Memory Cache Discipline
When serializing the K trajectories into the deliberation prompt:
- Prune overly verbose trajectories so the concatenated context stays well under the model's context budget. Keep the final answer and the key reasoning steps; drop redundant restatements.
- Shuffle the order in which trajectories appear in the deliberation prompt to mitigate position bias (no single agent should always appear as Thinker #1).
- Label each trajectory with
Thinker #i so the deliberator can refer back to specific approaches.
Output Format
Your final output should:
- Present ONLY the final answer (not the meta-analysis)

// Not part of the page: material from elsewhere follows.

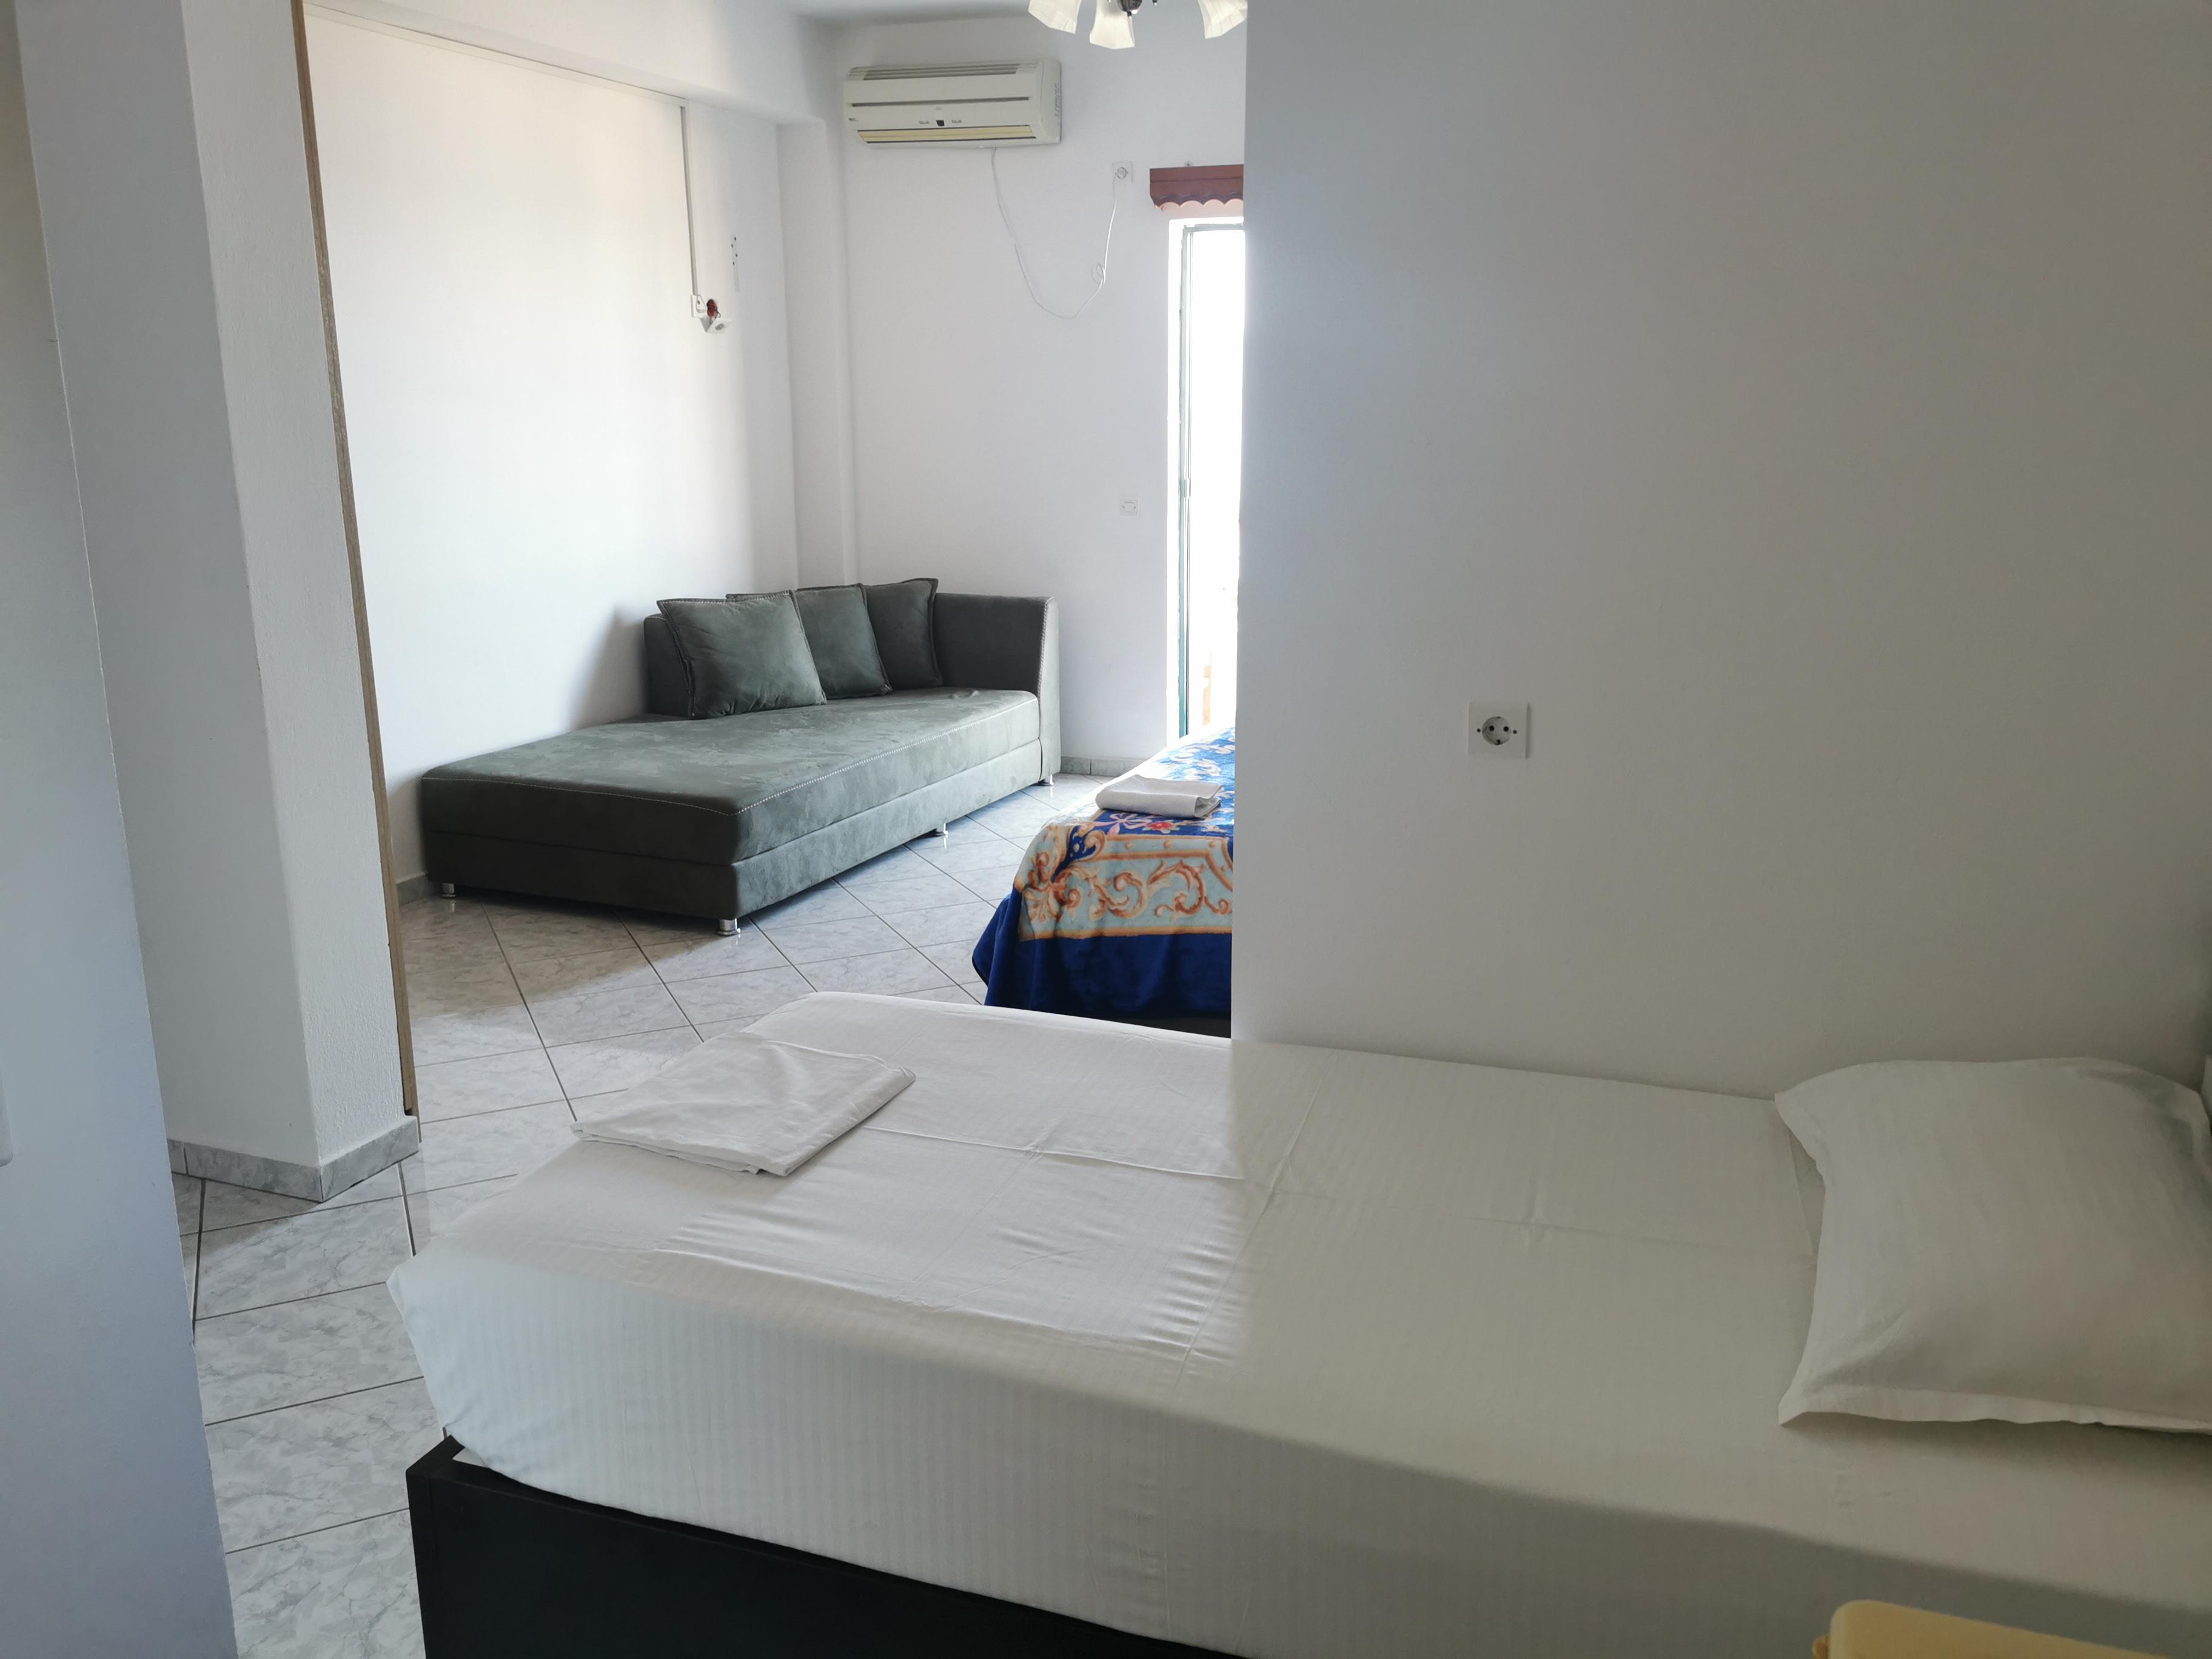 Hoteli Albanija letovanje -Rane rezervacije hotela u Albaniji za leto, lastminute, specijalne cene ,povoljno letovanje Albanija hoteli,

- Follow the format conventions of the domain:
- Math / STEM: answer in
\boxed{}
- Code: solution in a code block
- General: clean prose response
- Match the language of the original query
Portability (Custom Harnesses)
This skill document is harness-agnostic: the same file functions correctly under Claude Code and under custom orchestration harnesses without modification. In a custom harness, the parallel-trajectories prompting function is the only piece of glue code needed:
def build_deliberation_prompt(query: str, trajectories: list[str], template: str) -> str:
response_prompt = ""
for i, response in enumerate(trajectories):
response_prompt += f"###### Thinker #{i + 1} ######\n{response}\n###### Thinker #{i + 1} End ######\n"
prompt = template.replace("{query}", query).replace("{parallel_responses_prompt}", response_prompt)
return prompt
The harness is responsible for:
- Calling the policy
K times in parallel on the same query (sampling with temperature=1.0, top_p=0.95, top_k=10 per the paper)
- Passing the resulting trajectories through
build_deliberation_prompt
- Calling the policy once more on the deliberation prompt to produce the final answer
Metrics (for evaluation)
When running offline evaluations, report:
- M@K — Mean accuracy across K independent trajectories
- P@K — Proportion of problems where ≥1 of K trajectories is correct (upper bound)
- V@K — Majority-vote accuracy across K trajectories
- HM@K — Heavy-Mean accuracy: mean over
K⁽¹⁾ deliberation outputs (typically K⁽¹⁾ = 4)
- HP@K — Heavy-Pass: proportion where ≥1 of
K⁽¹⁾ deliberation outputs is correct
HeavySkill is considered successful when HM@K materially exceeds V@K (deliberation beats voting) and approaches P@K (deliberation captures most of the reachable correct answers).
Reference
Implementation of HeavySkill: Heavy Thinking as the Inner Skill in Agentic Harness (arXiv:2605.02396v1).